Antitrust and Unfair Competition Law

Competition: Spring 2020, Vol 30, No. 1

IN THE CLASH BETWEEN THE VENERABLE PER SE RULE AND THE CONSTITUTION, THE CONSTITUTION SHALL PREVAIL (IN TIME)

By Robert E. Connolly1

"A long habit of not thinking a thing wrong, gives it a superficial appearance of being right, and raises at first a formidable outcry in defense of custom. But, the tumult soon subsides. Time makes more converts than reason." Thomas Paine: Common Sense (1776).

I. INTRODUCTION

A challenge to the per se rule stalled recently when the Supreme Court denied certiorari in a petition to find the per se rule unconstitutional in criminal antitrust cases.2 The appeal pitted one of the longest standing principles in antitrust law, the per se rule, against the constitutional rights of a criminal defendant to have a jury find the defendant guilty of every element of the offense beyond a reasonable doubt.
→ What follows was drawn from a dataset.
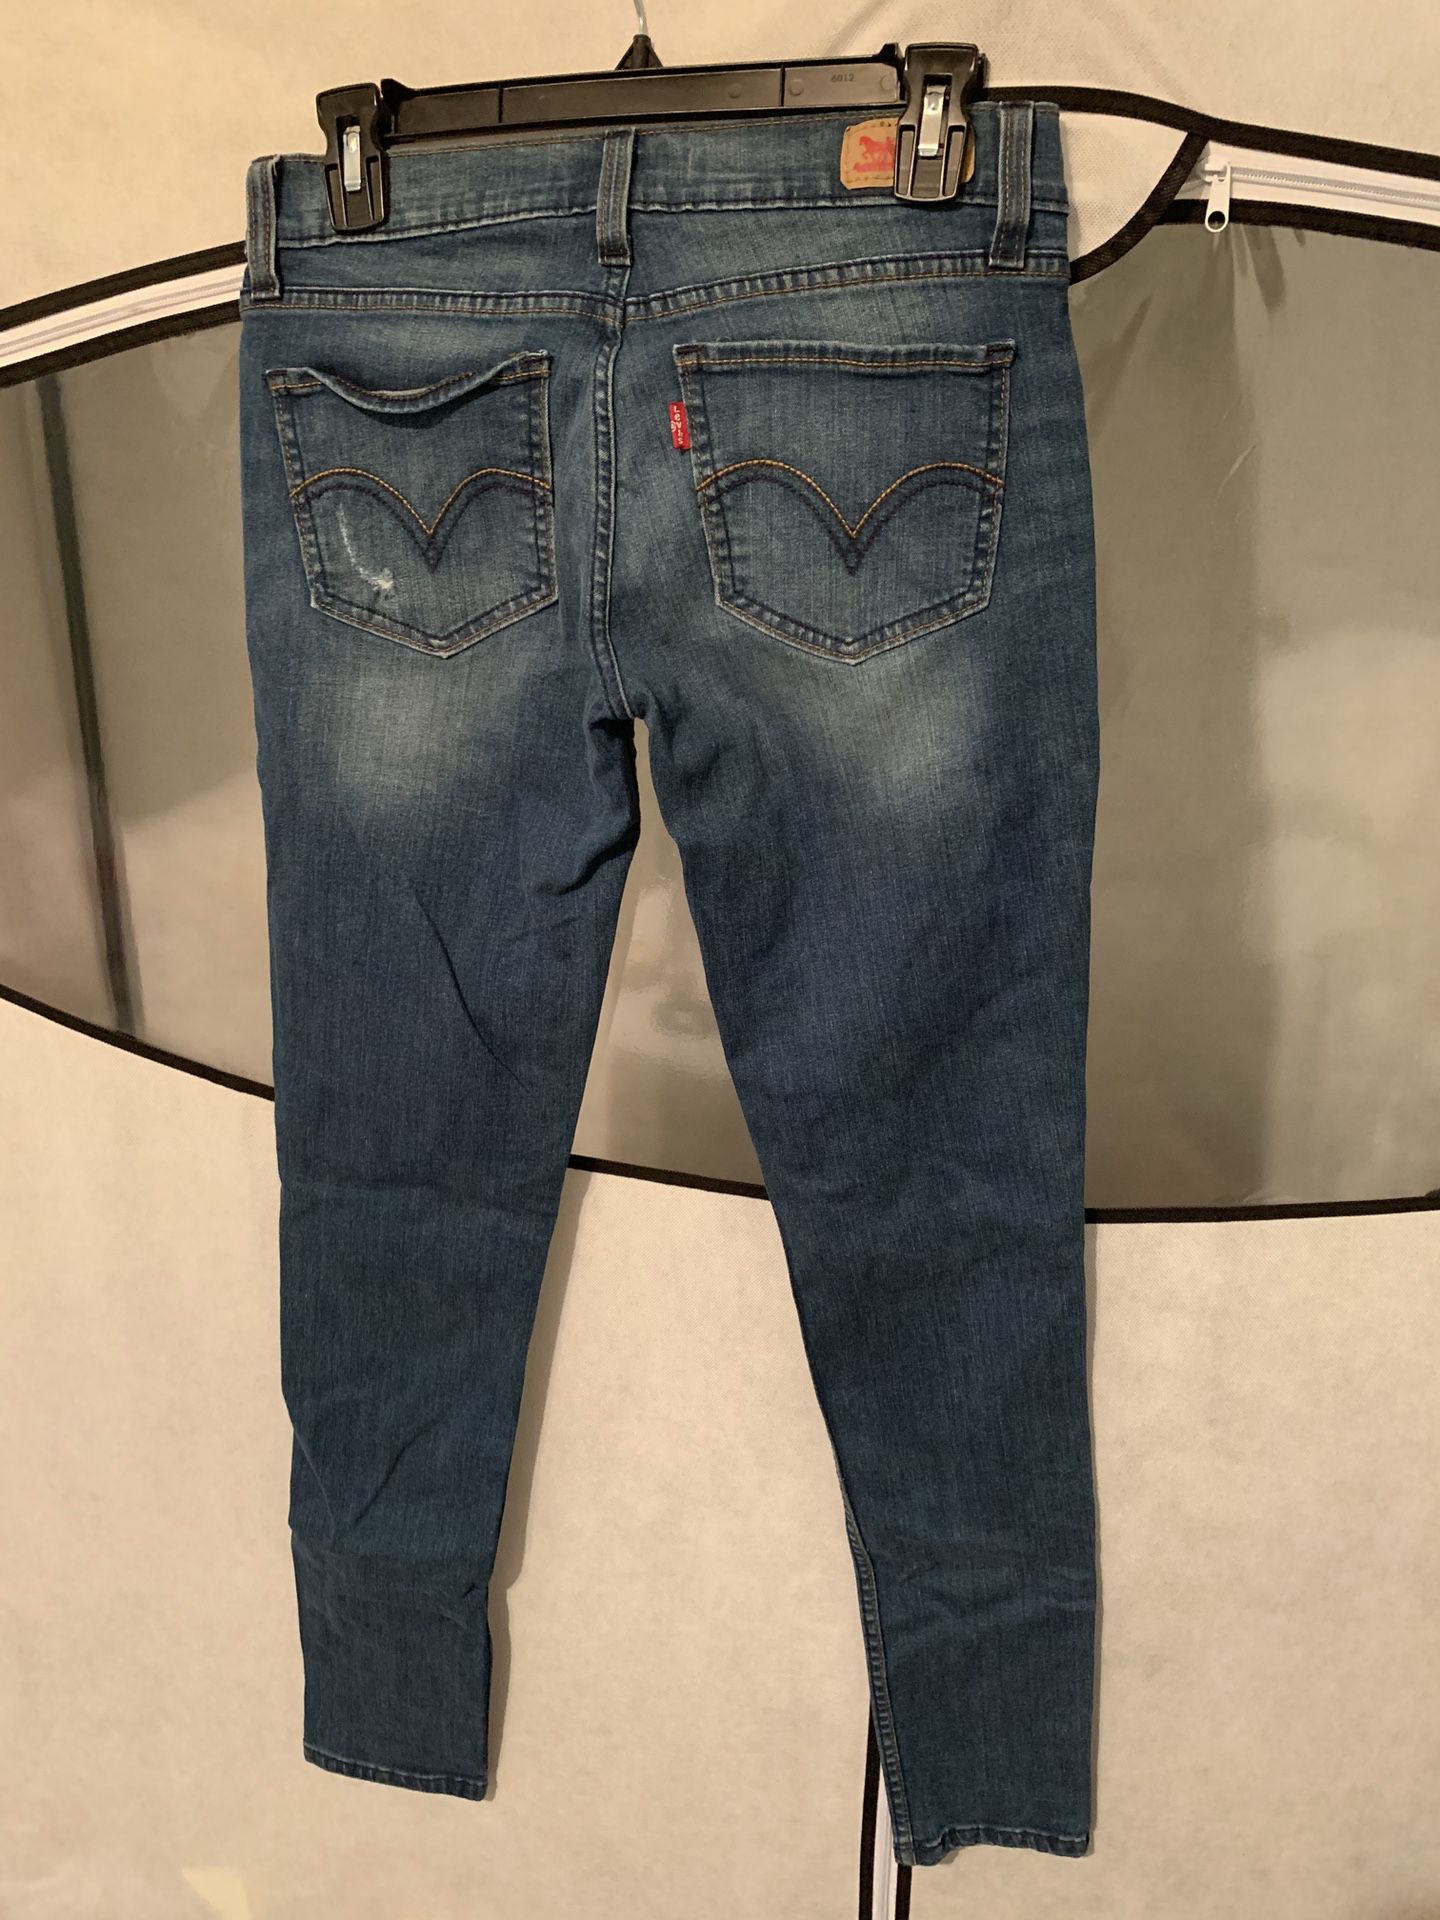 Levi Jeans Size 27x32

The per se rule has long dictated that certain agreements (price fixing, bid rigging, and market allocation) are presumed to be an illegal restraint of trade and, even in a criminal case, the jury cannot consider whether the alleged agreement was reasonable.3 More recent Supreme Court decisions interpreting the 5th and 6th amendment,4 however, hold that conclusive presumptions deprive the defendant of his right to have the jury find every element of an offense beyond a reasonable doubt.5 The per se rule is one of those principles that has so long been accepted, the mind balks at thinking it wrong. But a constitutional protection trumps the storied history of the per se rule and one day, but not just yet, the per se rule will fall.